Suggestions for future work
Empirical observation suggests that cardiovascular oscillations are complex and mutable, yet may provide unique insight into the integrated control of the closed loop cardiovascular system. For example, respiratory sinus arrhythmia could be generated by a number of cardiovascular control scenarios, and yet, teleologically may improve pulmonary gas exchange (Hayano et al. 1996) and clinically may predict cardiovascular outcomes (Bigger et al. 1992a, b). However, current mathematical models have limited interpretability. This is, in part, because they usually are not combined with experimental interventions designed to soundly test the models. The current literature is characterized by approaches that simply observe the behaviour of the system and impose broad assumptions to derive mechanistic conclusions. Future advances in understanding the physiology of cardiovascular oscillations will require more rigorous approaches; models constructed from experimental data should be subsequently validated by further experiments explicitly designed to test the veracity of the original model. Moreover, there are methods of non-linear systems identification which might have utility in studying cardiovascular variabilities. Bilinear models (Christini et al. 1995) seem to fit heart rate time series well, but require more extensive investigation; non-parametric autoregressive time series (Fan & Gijbels, 1996) or threshold autoregressive (Tong, 1990) models can be used as exploratory tools to suggest parametric models; and, wavelet non-stationary time series identification (Mallat et al. 1998) can sharply delineate temporal variations. However, careful statistical analysis of models should be routine and alternative models should be fitted to the same data set for comparison.

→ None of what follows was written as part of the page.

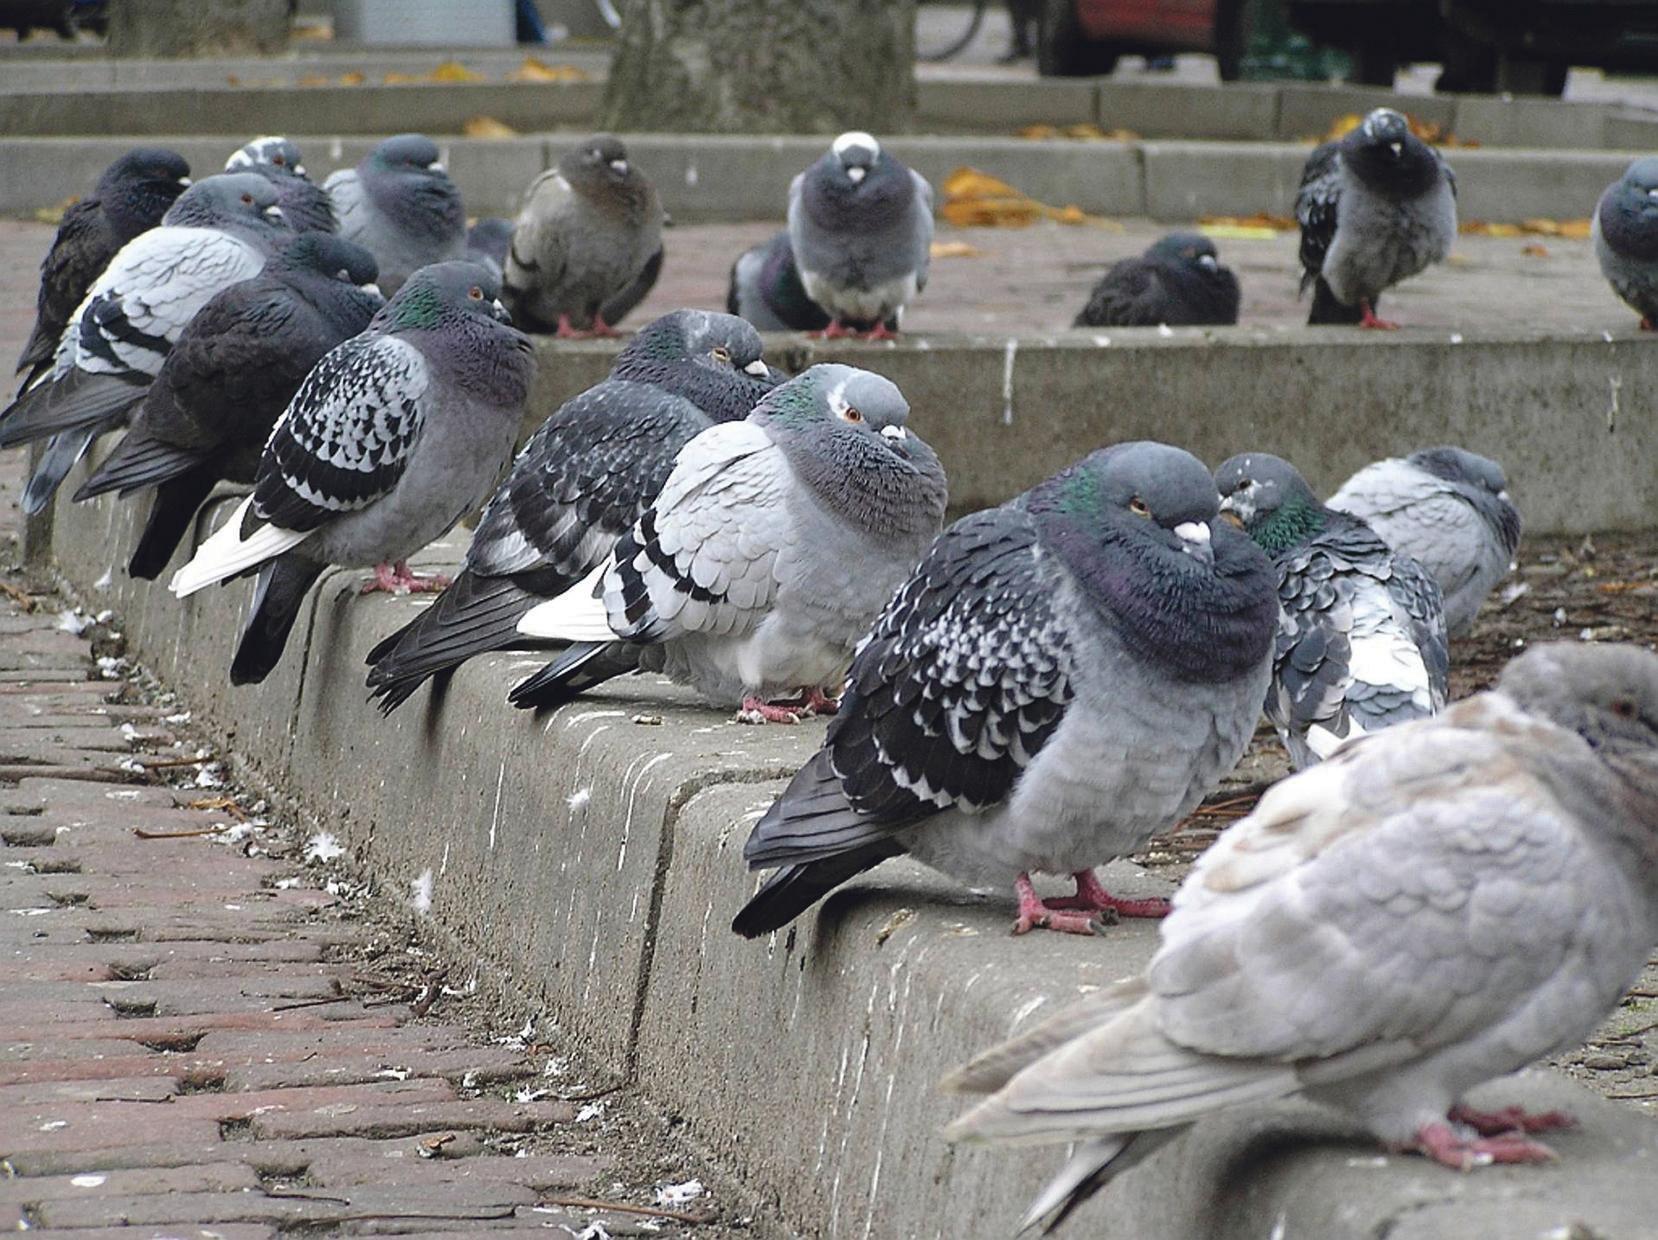 De Raad van State, 's lands hoogste rechtsorgaan, buigt zich over... duivenpoep uit Egmond

The historical record demonstrates the importance of the study of cardiovascular oscillations for providing unique insight to fluid dynamics, vessel elasticity, integrative cardiovascular physiology and medical technology. Relatively low frequency cardiovascular oscillations represent a window into the control by two separate nervous system branches (parasympathetic and sympathetic) of a biochemically active fluid (blood) bounded by an elastic medium (arteries). Furthering our understanding of cardiovascular interactions that determine the frequency and amplitude of spontaneous oscillations should continue to advance the range of disciplines these phenomena intersect.
This work was supported by the National Institute on Aging (grant AG14376), Washington, DC, USA, and a generous contribution from the Hinda and Fred Shuman Charitable Foundation, Boston, MA, USA.